Business Combinations: Business combinations are accounted for at fair value. Acquisition costs are expensed as incurred and recorded in selling, general and administrative expenses. Measurement period adjustments are made in the period in which the amounts are determined, and the current period income effect of such adjustments will be calculated as if the adjustments had been completed as of the acquisition date. All changes that do not qualify as measurement period adjustments are also included in current period earnings. The accounting for business combinations requires estimates and judgment as to expectations for future cash flows of the acquired business, and the allocation of those cash flows to identifiable intangible assets, in determining the estimated fair value for assets acquired and liabilities assumed. The fair values assigned to tangible and intangible assets acquired and liabilities assumed, including contingent consideration, are based on management’s estimates and assumptions, as well as other information compiled by management, including valuations that utilize customary valuation procedures and techniques. If the actual results differ from the estimates and judgments used in these estimates, the amounts recorded in the financial statements could result in a possible impairment of the intangible assets and goodwill, require acceleration of the amortization expense of finite-lived intangible assets, or the recognition of additional consideration which would be expensed.

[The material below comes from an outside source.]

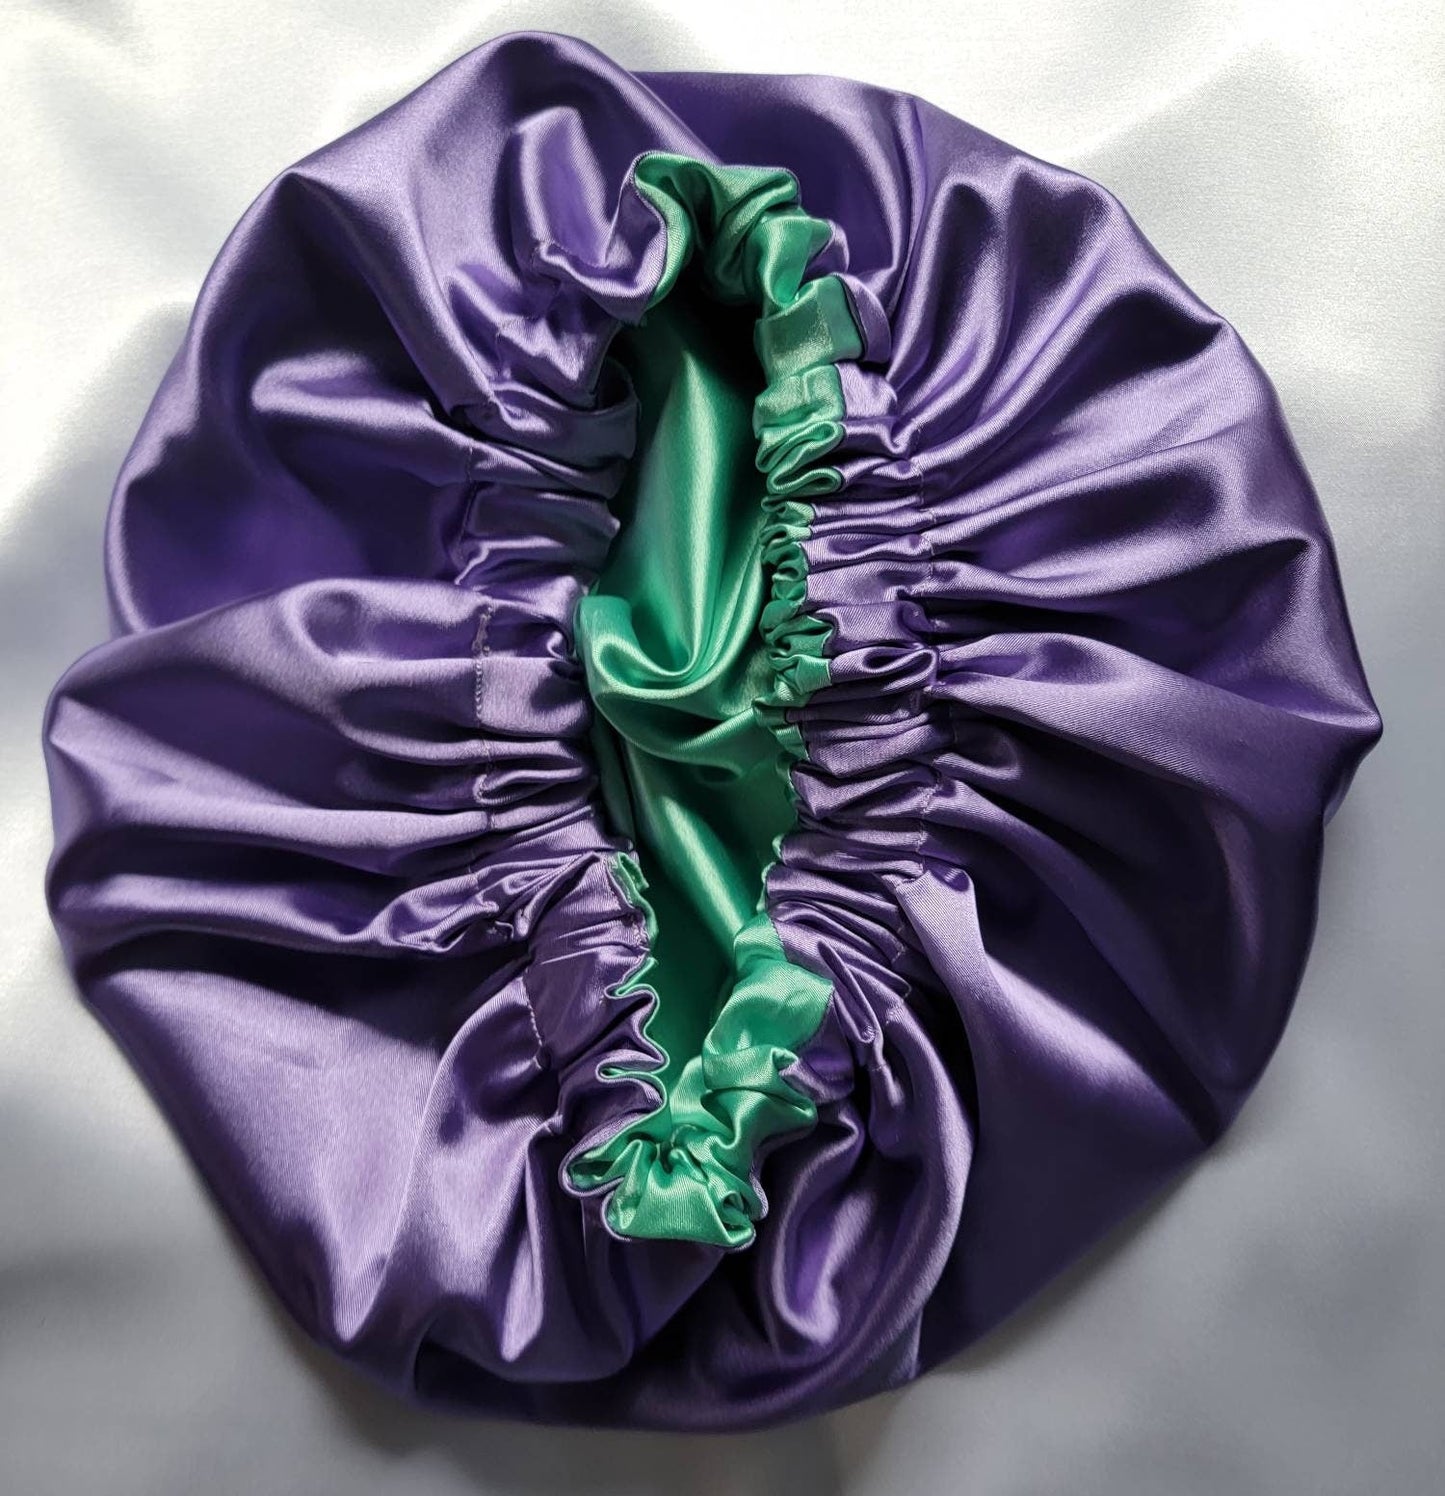 Aqua Green/Purple Charmeuse Satin Hair Bonnet
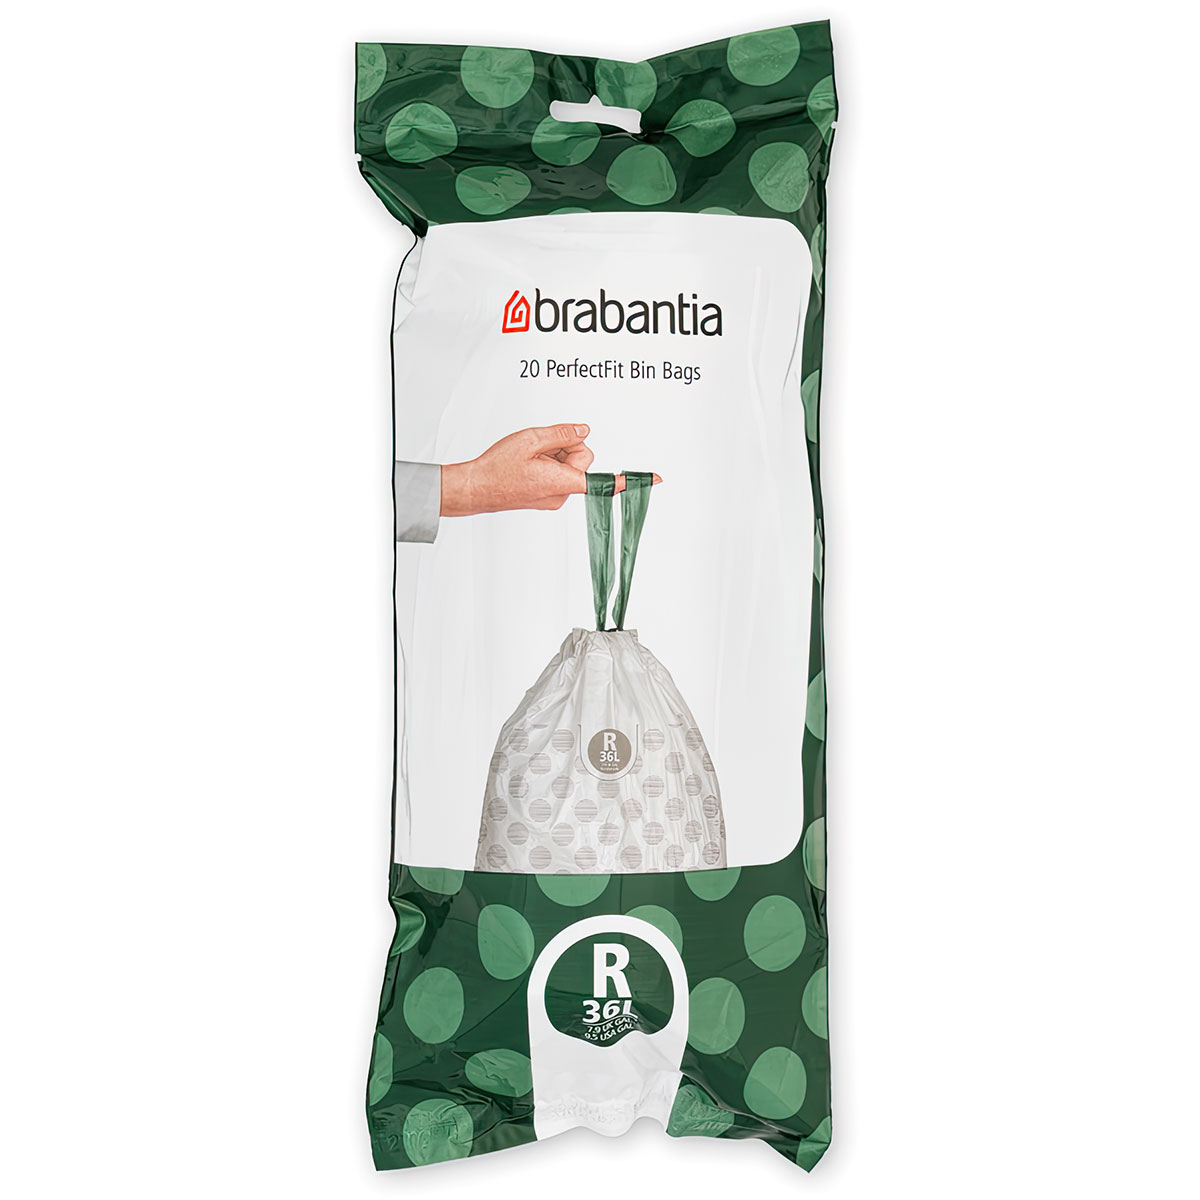 Пакет пластиковый Brabantia PerfectFit R 36л 20шт чехлы для одежды brabantia размер l 2шт

Goodwill and Other Intangible Assets:  The Company’s intangible assets consist of (i) goodwill, which is not being amortized; and (ii) amortizing intangibles, which consist of patents, trade names and trademarks, licenses, customer relationships and purchased technologies, which are being amortized over their estimated useful lives.
The process of testing goodwill for impairment involves the determination of the fair value of the applicable reporting units. The test consists of the comparison of the fair value to the carrying value of the reporting unit to determine if the carrying value exceeds the fair value. If the carrying value of the reporting unit exceeds its fair value, an impairment loss in an amount equal to that excess is recognized up to the amount of goodwill. The Company's annual goodwill impairment testing date is the later of November 1 or the first day of its eleventh fiscal month of each fiscal year. Amortizing intangible assets are reviewed for impairment when indicators of impairment are present. When a potential impairment has been identified, forecasted undiscounted net cash flows of the operations to which the asset relates are compared to the current carrying value of the long-lived assets present in that operation. If such cash flows are less than such carrying amounts, long-lived assets, including such intangibles, are written down to their respective fair values.
Stock-Based Compensation: The Company accounts for stock-based compensation expense based on estimated grant date fair value, generally using the Black-Scholes option-pricing model or the quoted price of the Company’s stock on the grant date. The fair value is recognized as expense in the consolidated financial statements over the requisite service period. The
determination of fair value and the timing of expense using option pricing models such as the Black-Scholes model require the input of subjective assumptions, including the expected term and the expected price volatility of the underlying stock. The Company estimates the expected term assumption based on historical experience. In determining the Company’s expected stock price volatility assumption, the Company reviews both the historical and implied volatility of the Company’s common stock. The Company recognizes the impact of forfeitures in the period that the forfeiture occurs, rather than estimating the number of awards that are not expected to vest in accounting for share-based compensation.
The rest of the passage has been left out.